→ Given material
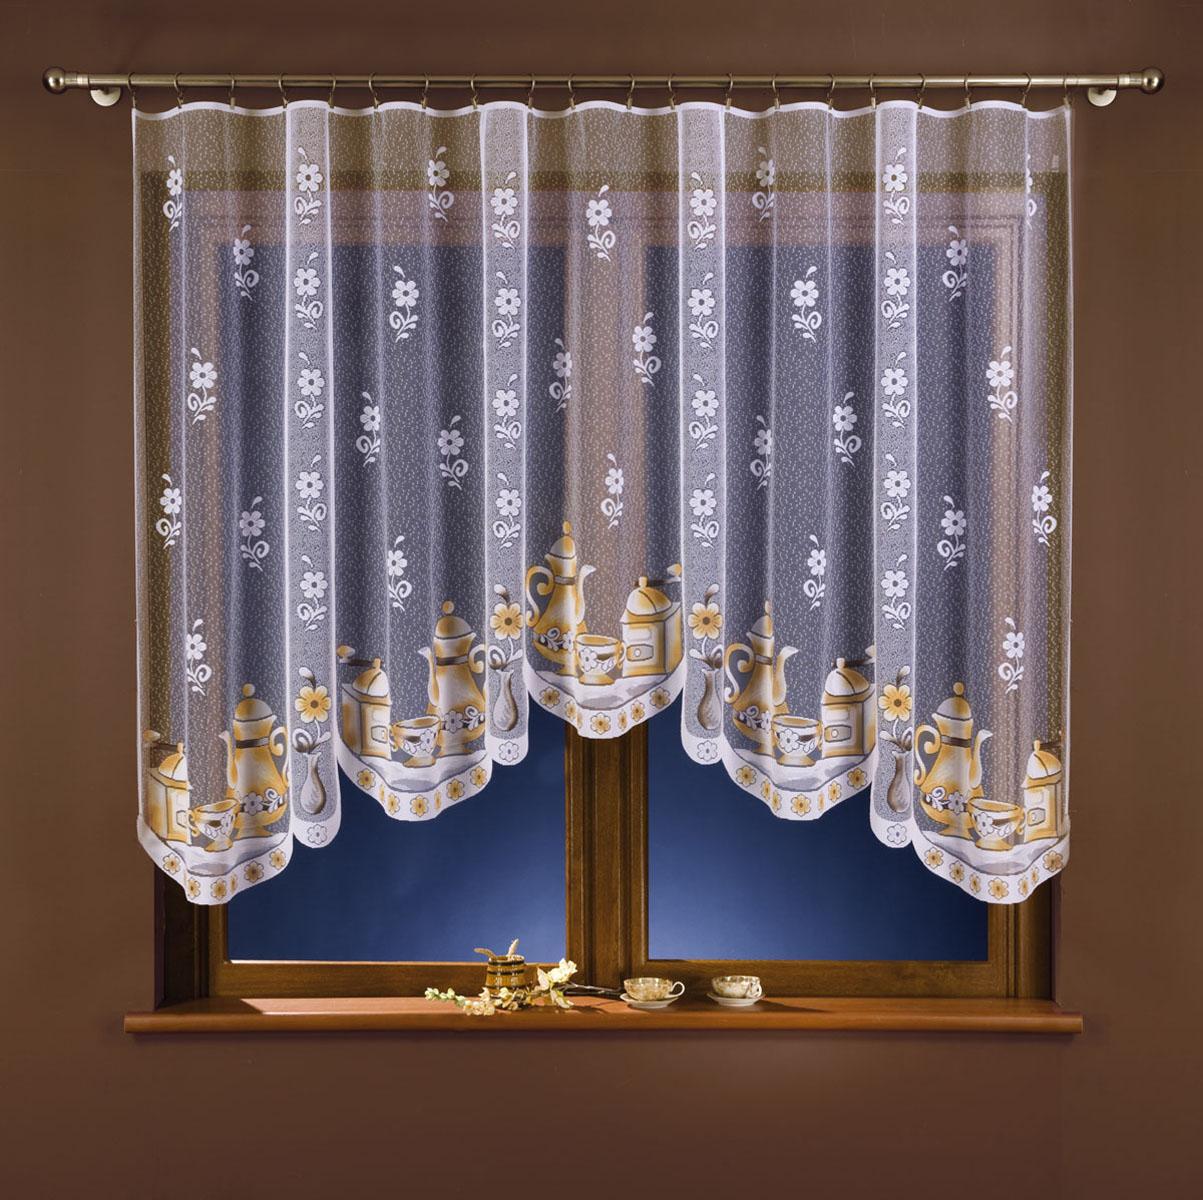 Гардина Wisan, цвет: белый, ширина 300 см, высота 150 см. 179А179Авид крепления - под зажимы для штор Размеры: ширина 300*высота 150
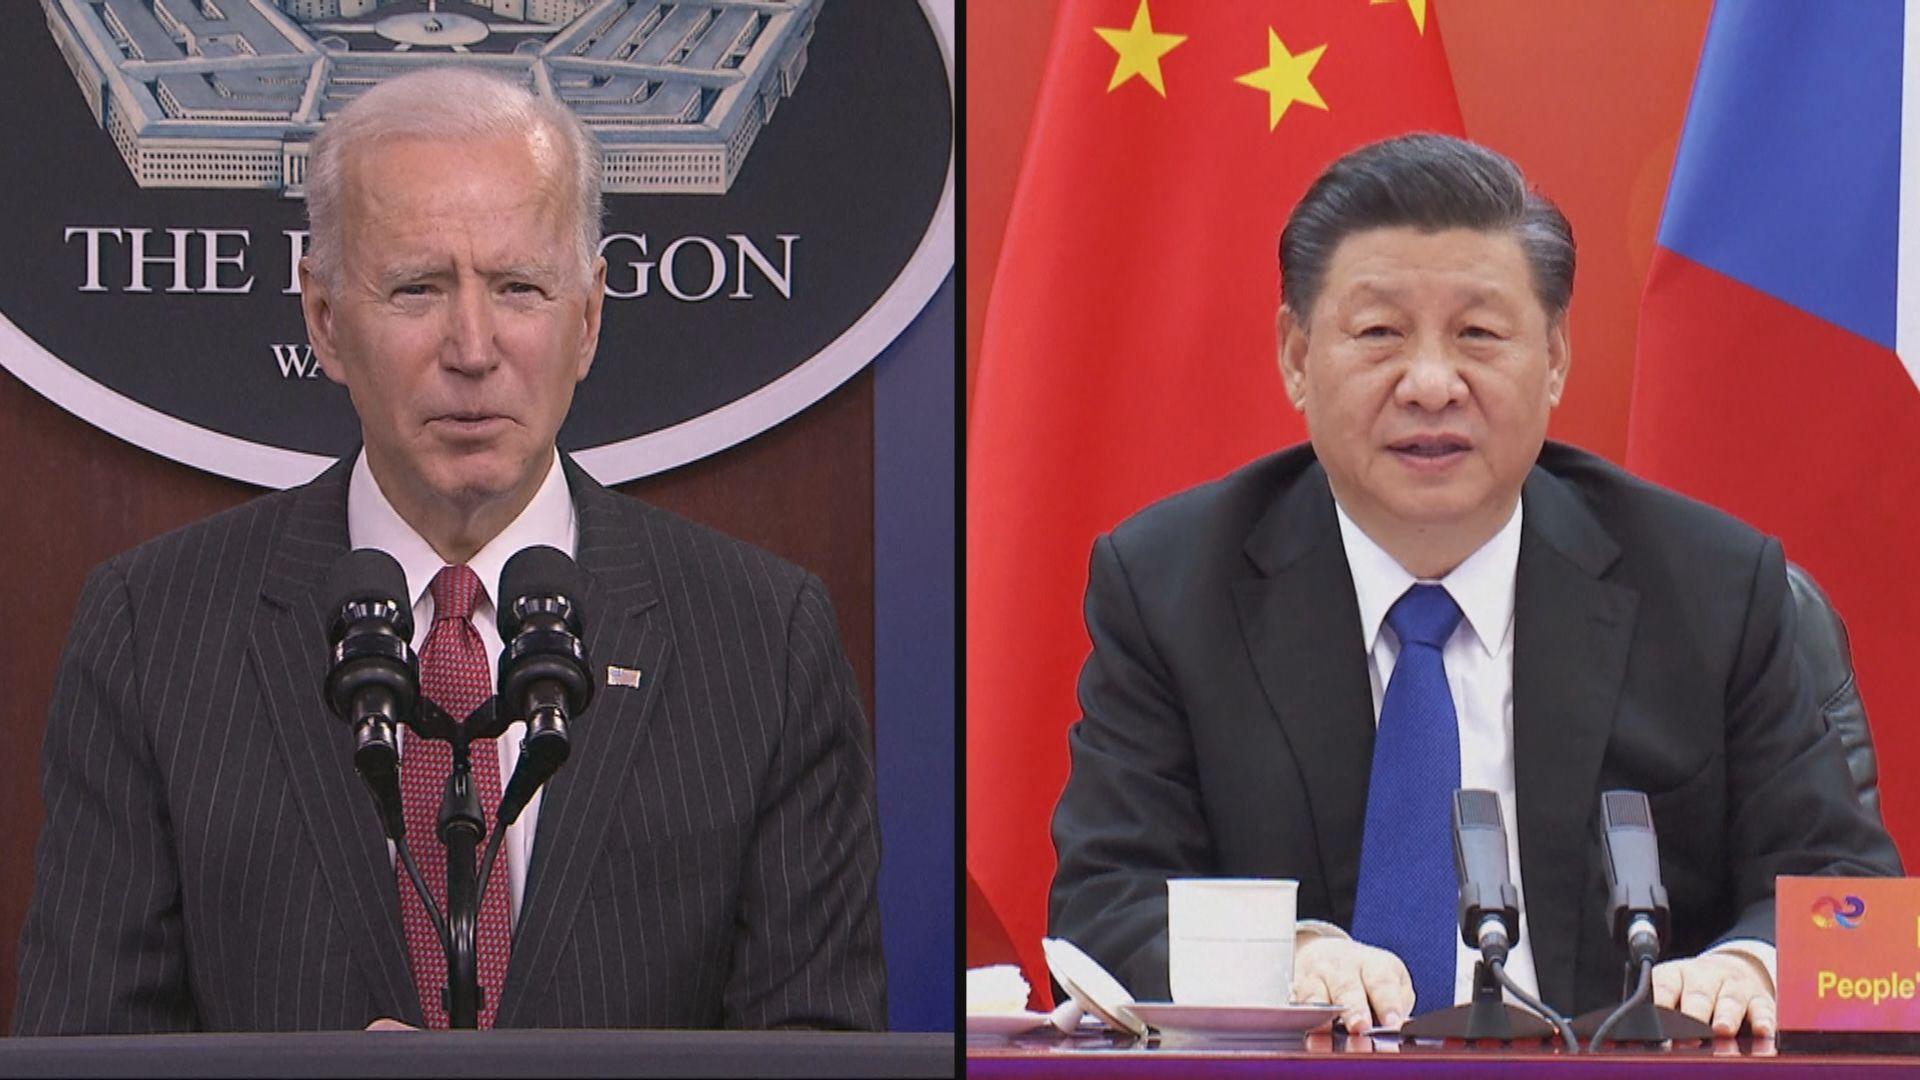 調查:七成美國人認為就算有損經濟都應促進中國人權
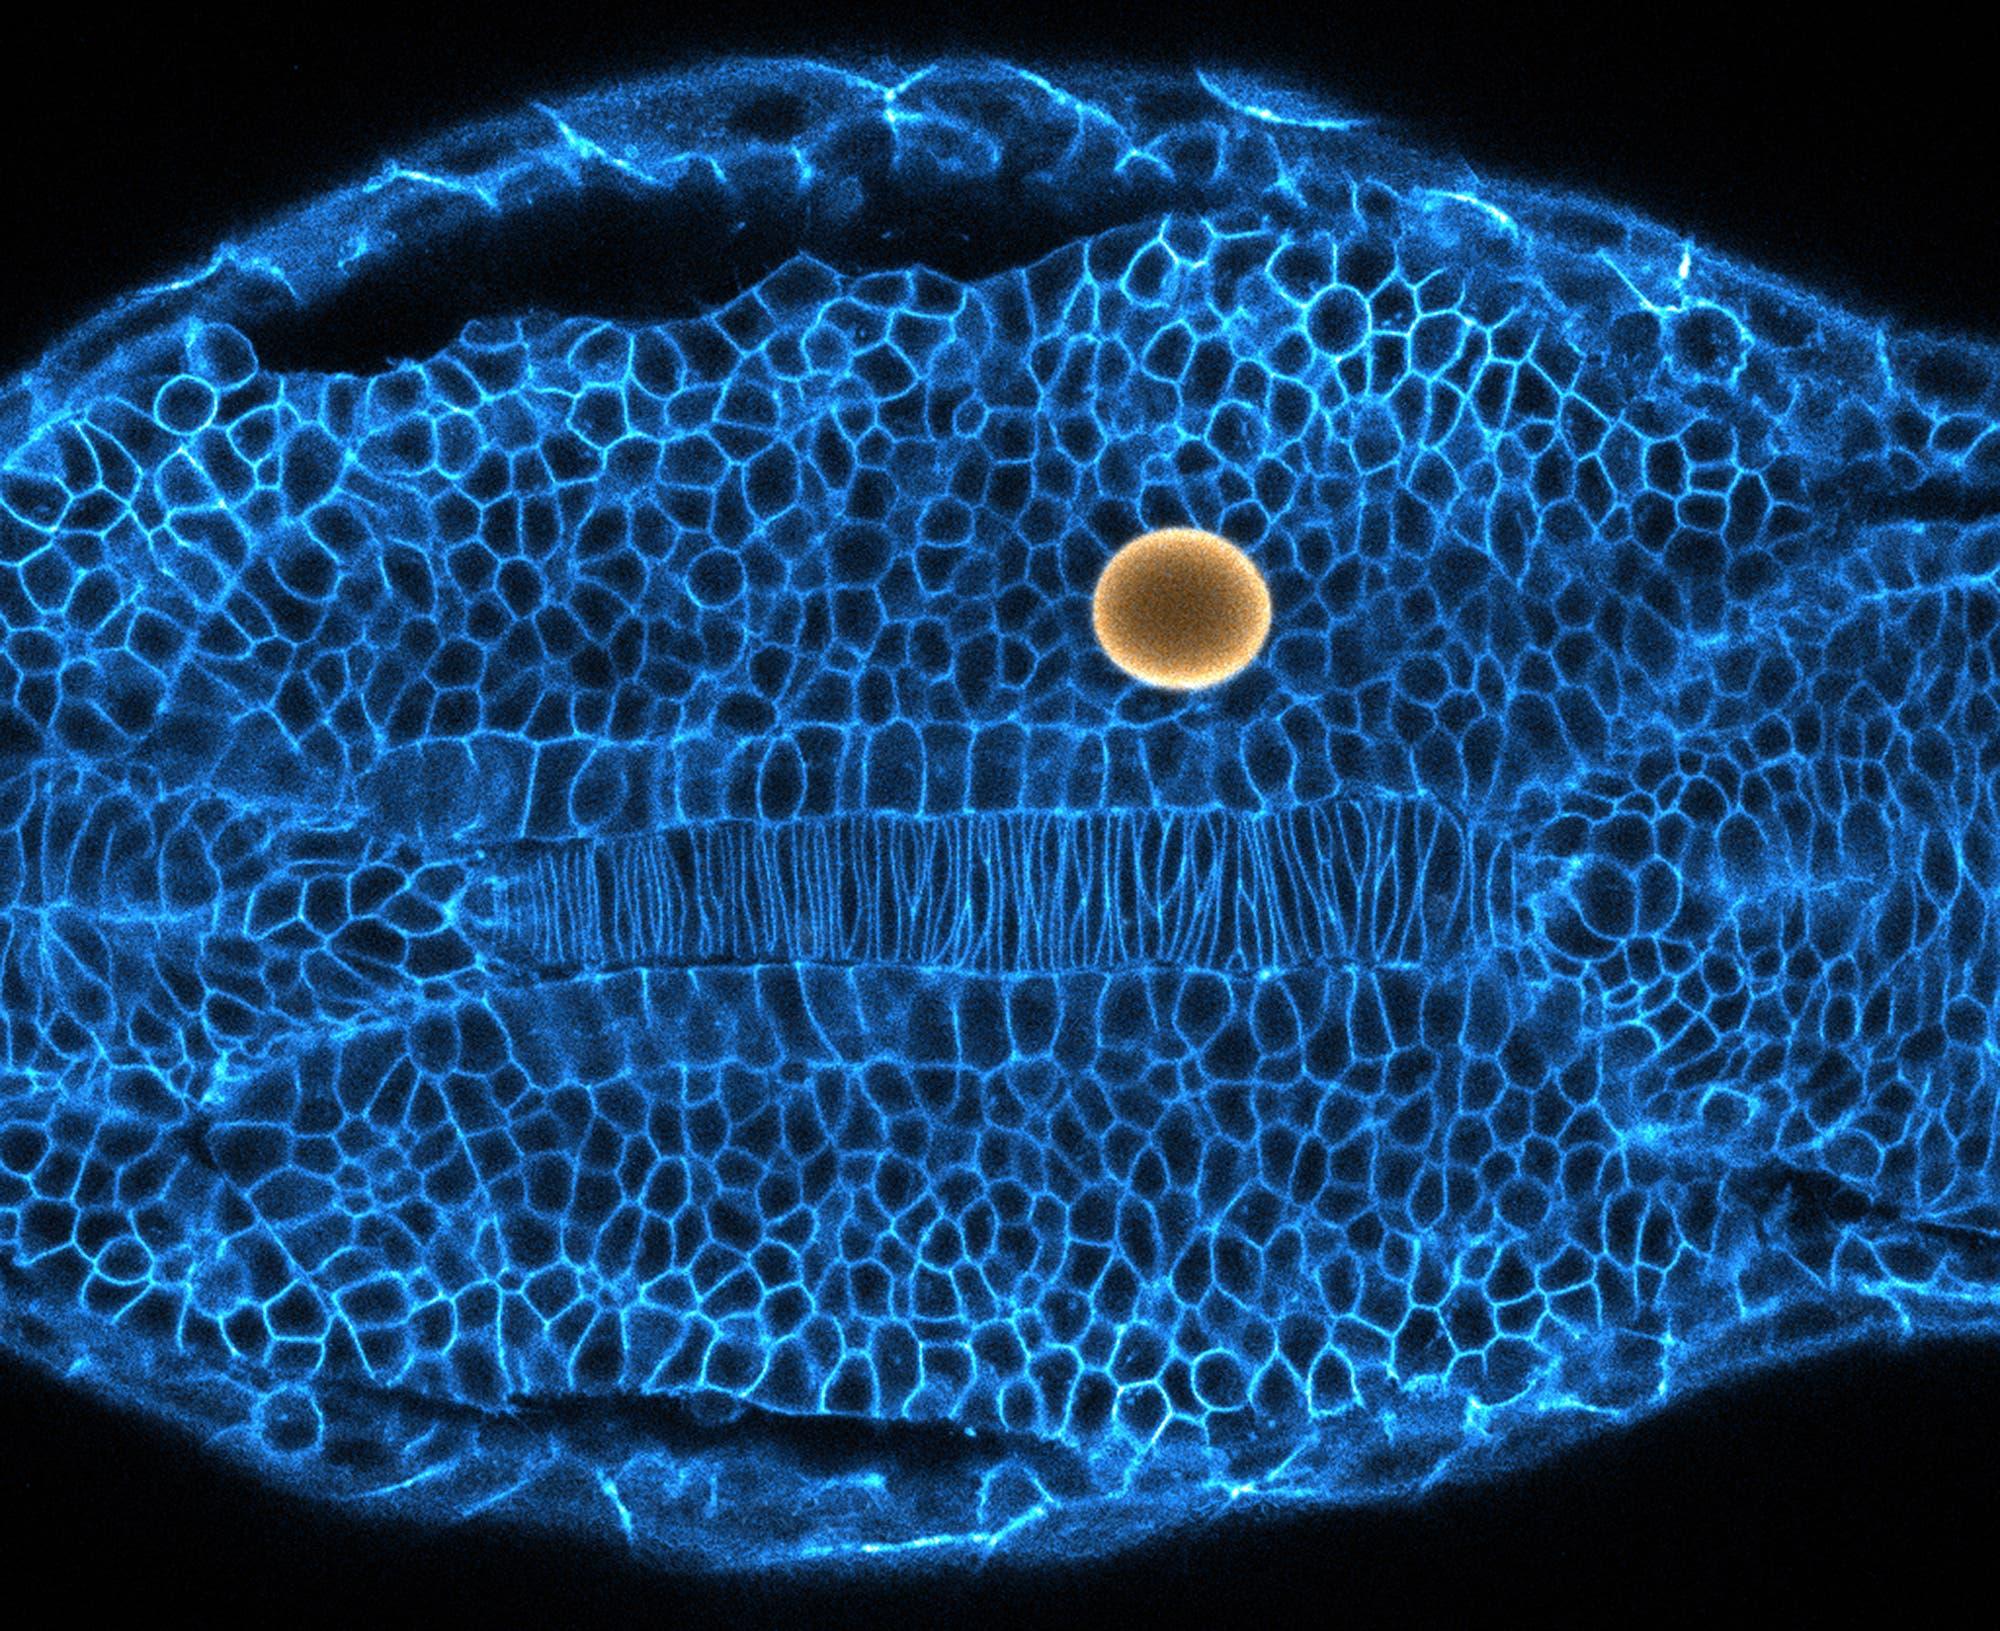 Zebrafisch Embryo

→ What you are asked to do
Repeat the whole listing above word for word, but keep any picture out of it.

→ Response to this exercise
 Гардина Wisan, цвет: белый, ширина 300 см, высота 150 см. 179А179Авид крепления - под зажимы для штор Размеры: ширина 300*высота 150
 調查:七成美國人認為就算有損經濟都應促進中國人權
 Zebrafisch Embryo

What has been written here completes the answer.